Peters Reiner
Laboratory of Mass Spectrometry and Gaseous Ion Chemistry, The Rockefeller University, New York, NY 10065 , USA.
Bioessays. 2009 Apr;31(4):466-77. doi: 10.1002/bies.200800159.
Transport through the nuclear pore complex (NPC), a keystone of the eukaryotic building plan, is known to involve a large channel and an abundance of phenylalanine-glycine (FG) protein domains serving as binding sites for soluble nuclear transport receptors and their cargo complexes. However, the conformation of the FG domains in vivo, their arrangement in relation to the transport channel and their function(s) in transport are still vividly debated. Here, we revisit a number of representative transport models-specifically Brownian affinity gating, selective phase gating, reversible FG domain collapse, and reduction of dimensionality (ROD)-in the light of new data obtained by optical single transporter recording, optical superresolution microscopy, artificial nanopores, and many other techniques. The analysis suggests that a properly adapted, simplified version of the ROD model accounts well for the available data. This has implications for nucleocytoplasmic transport in general.

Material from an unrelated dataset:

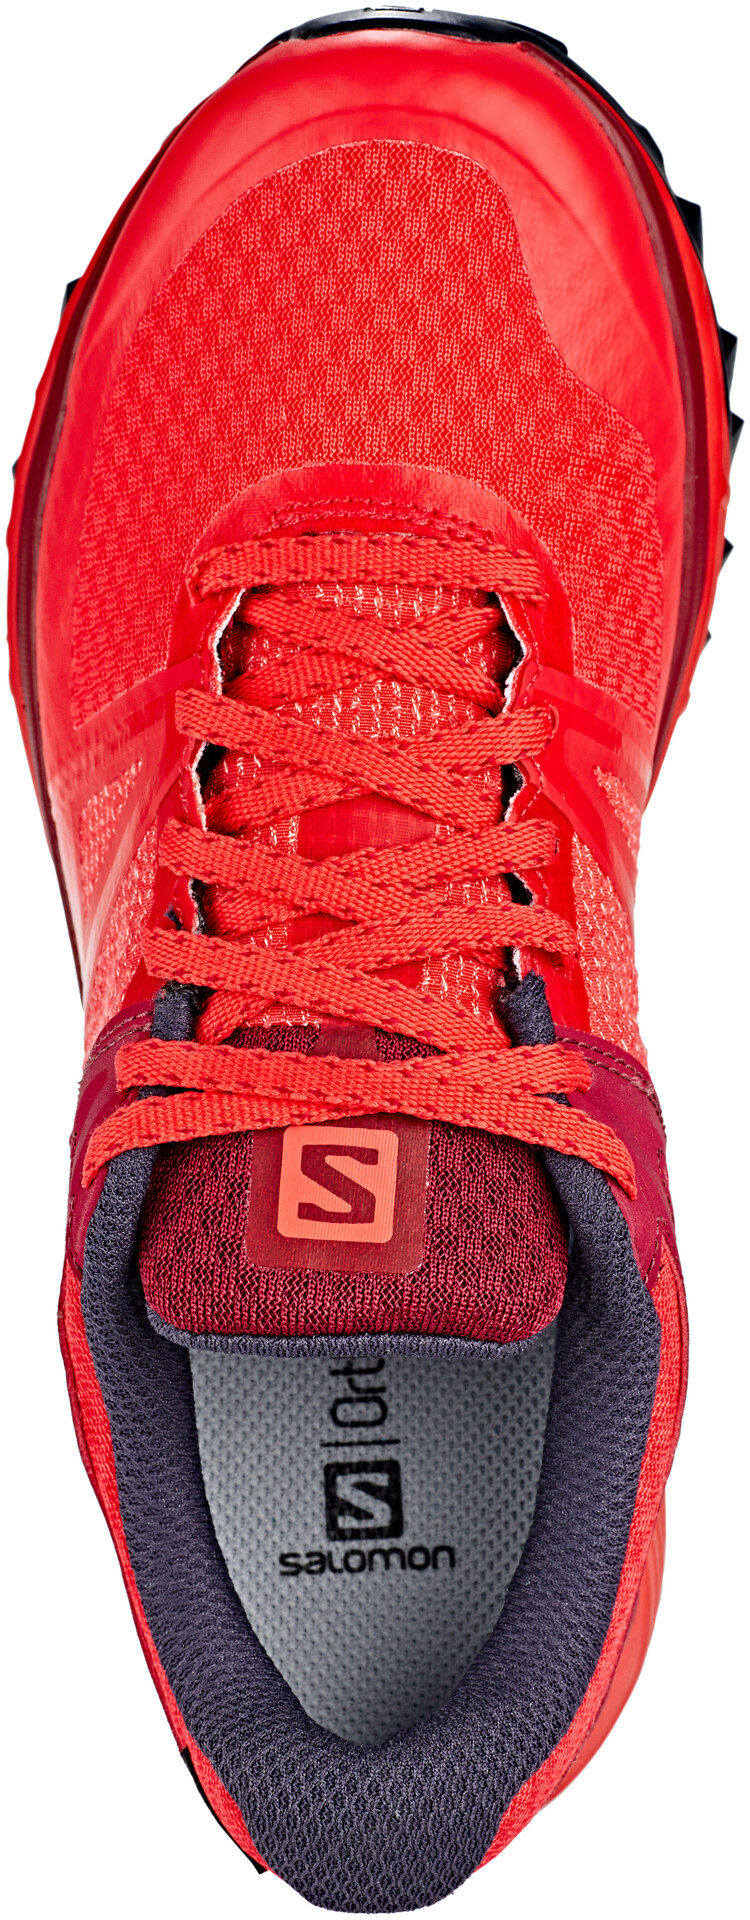 Gtx Redgraphite Shoes Damen Salomon Trailster Hibiscusbeet PiOkZXu

通过核孔复合体(NPC)的运输是真核生物构建计划的关键环节,已知其涉及一个大通道以及大量苯丙氨酸-甘氨酸(FG)蛋白结构域,这些结构域作为可溶性核转运受体及其货物复合体的结合位点。然而,FG结构域在体内的构象、它们相对于运输通道的排列以及它们在运输中的功能仍存在激烈争论。在此,我们根据通过光学单转运体记录、光学超分辨率显微镜、人工纳米孔及许多其他技术获得的新数据,重新审视一些具有代表性的运输模型,特别是布朗亲和门控、选择性相门控、可逆FG结构域塌陷和维度降低(ROD)模型。分析表明,经过适当调整的简化版ROD模型能够很好地解释现有数据。这对一般的核质运输具有重要意义。